Wie verrückt das ist! Zunächst wird GTA 6 nirgends bei der Investorenkonferenz erwähnt, doch die GameStar bezieht sich explizit auf das Spiel, obwohl zwei Sätze später andere große Marken von Take-Two als potenzielle „Fortsetzungen“ dieser Marken erwähnt werden, nur um dann buchstäblich einen Satz nach diesem Hinweis zu schlussfolgern, eine Veröffentlichung von GTA 6 sei zwischen 2022 und 2023 wahrscheinlich.
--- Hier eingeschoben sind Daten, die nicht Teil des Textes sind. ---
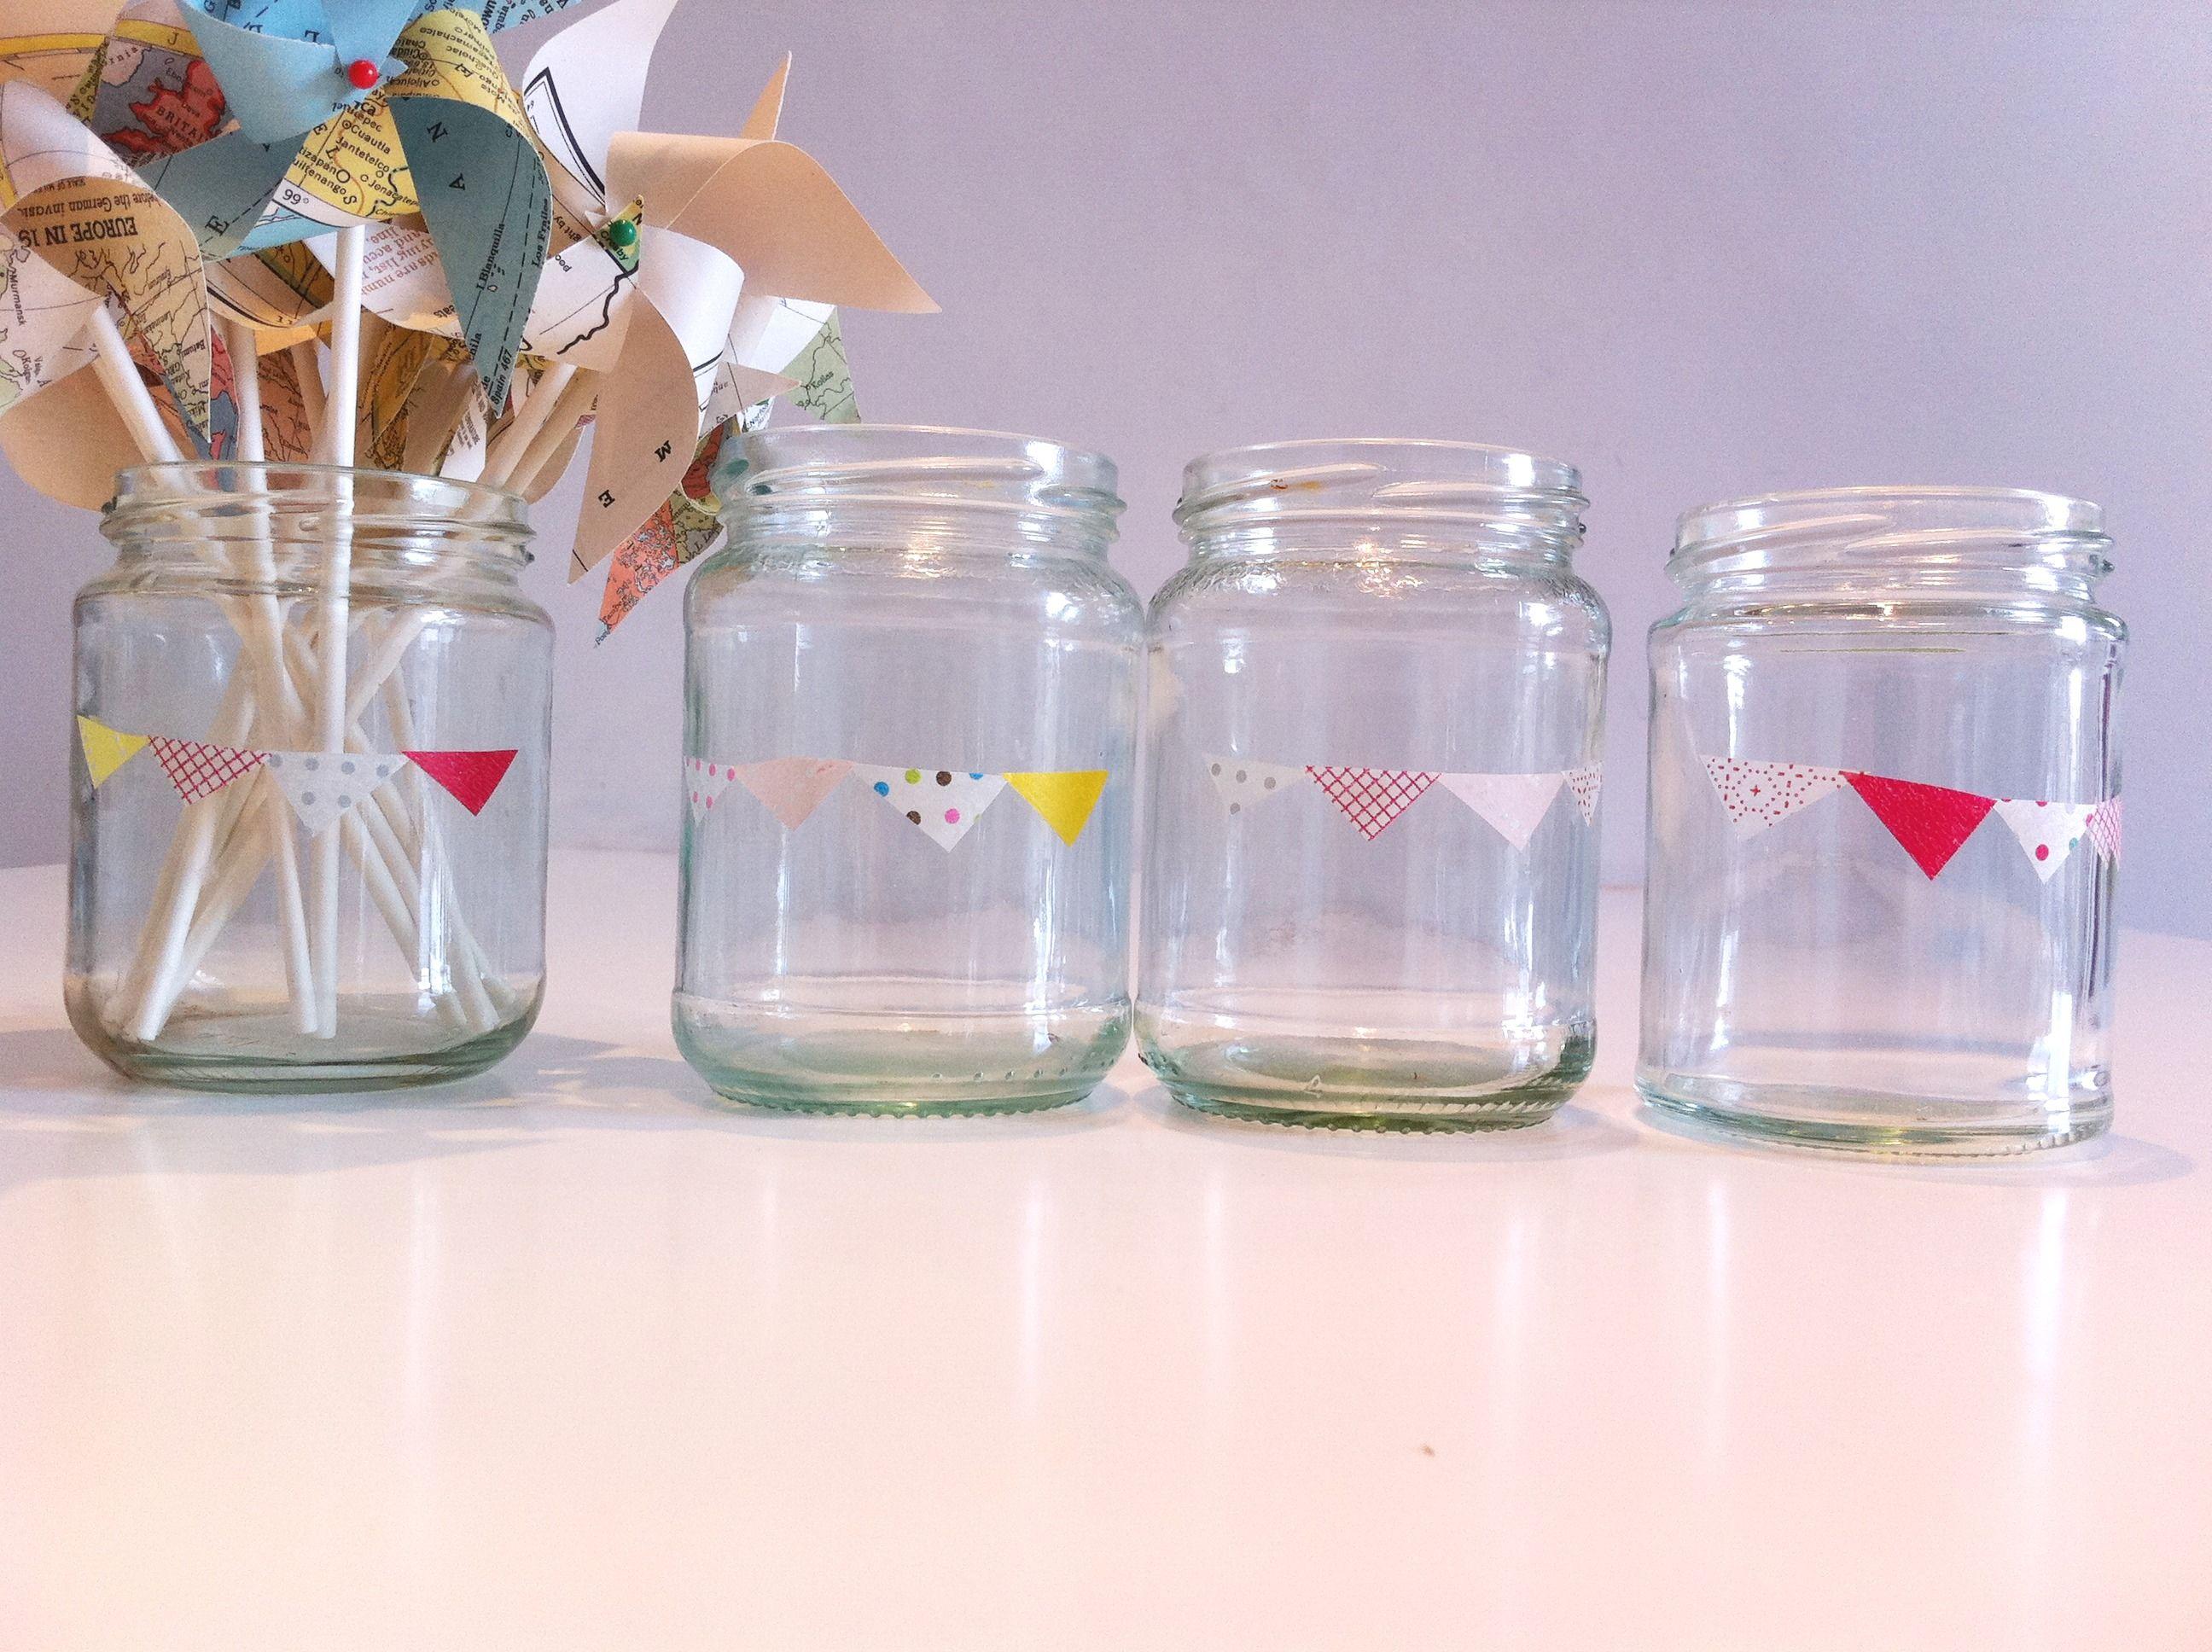 Decorating Jelly Jars I Do Diyjam Jars With Bunting And Hearts Washi Tape  Washi

Innerhalb von nur fünf Tagen ist also folgendes passiert:

  • Take-Two hält eine Konferenz mit Investoren ab. Man wolle 93 Spiele veröffentlichen. Welche das sind, wird nicht erwähnt. Das Fiskaljahr 2021 werde als „leicht“ bezeichnet. Ab 2022 soll sich das ändern, unter anderem mit Fortsetzungen bekannter Marken, also theoretisch Grand Theft Auto, aber auch Bioshock oder bekannte Sportspiele kämen infrage. Explizite Titel werden dabei aber nicht genannt.
  • Diverse Redaktionen titeln nun, es gebe Hinweise von Take-Two auf ein potentielles Releasedatum von GTA 6 im Fiskaljahr 2022. Das ist inhaltlich nicht richtig. Schlicht unklar ist es, wer oder was damit gemeint sein könnte; mehrere Marken, nicht nur GTA, kommen infrage. Auch der Bezug zum Fiskaljahr 2022 hält einer Überprüfung nicht stand, da die Veröffentlichungen der erwähnten Fortsetzungen ja eben nicht nur 2022 stattfinden müssen.
  • Einige Tage später wird der Finanzbericht von Take-Two analysiert. Eine hohe Marketingsumme soll den Release von GTA 6 eingrenzen. Im Fiskaljahr 2023 soll es erscheinen, heißt es von diversen Redaktionen, die sich dabei auf einen Analysten beziehen.
  • Take-Two stellt klar, dass das Marketingbudget für Spiele von Third-Party-Herstellern benutzt wird. GTA 6 ist also nicht gemeint.
  • Falsch sind somit diverse News, die behaupten, GTA 6 werde 2022 erscheinen, und jene Berichte, die fünf Tage später folgen, die die These aufstellen, GTA 6 werde 2023 erscheinen, entsprechen ebenfalls nicht der Wahrheit.
  • Fazit: What the fuck?

Unglücklich erscheinen nach all dem Hickhack mehrere Kommentare der GameStar-Chefredaktion. Diverse Community-Mitglieder beschweren sich über den Inhalt der Finanzbericht-News. So heißt es unter anderem:

gamestar-kommentar

Ein Mitglied der Chefredaktion antwortet so darauf:

gamestar-kommentar2

GameStar impliziert also, der sich kritisch äußernde User habe die Information der News nicht erfasst. Nur: Worin besteht die Information? Mehrere Leserinnen und Leser fragen nach. Die Antwort der GameStar:

„Ihr haltet es nicht für eine Nachricht, dass 2K Games für diesen Zeitraum ein erhebliches Marketing-Budget reserviert hat, wie es bislang nur für Rockstar-Titel vorkam? Ich würde da schon einen Nachrichtenwert sehen, aber ich akzeptiere eure andere Sichtweise.“

Die Analyse der GameStar-Redaktion besteht also darin, eine fürs Marketing gedachte Summe sei ein tatsächlicher Hinweis von Take-Two zu GTA 6. Letztlich ist es nur eine Zahl, die im Finanzbericht selbst teilweise eingeordnet wird. Reichlich absurd es ist außerdem, wie GameStar sich selbst mit der Erwähnung von einem „Rockstar-Titel“ widerspricht und die überzogene Herleitung zu GTA 6 entlarvt. Schließlich besteht Rockstar nicht nur aus GTA – doch GTA klickt am besten. Der von GameStar ausgesprochene „journalistische Qualitätsanspruch“ hat dann leider zu warten, sobald kleinste Andeutungen emotionalisiert als GTA-Headline verkauft werden müssen.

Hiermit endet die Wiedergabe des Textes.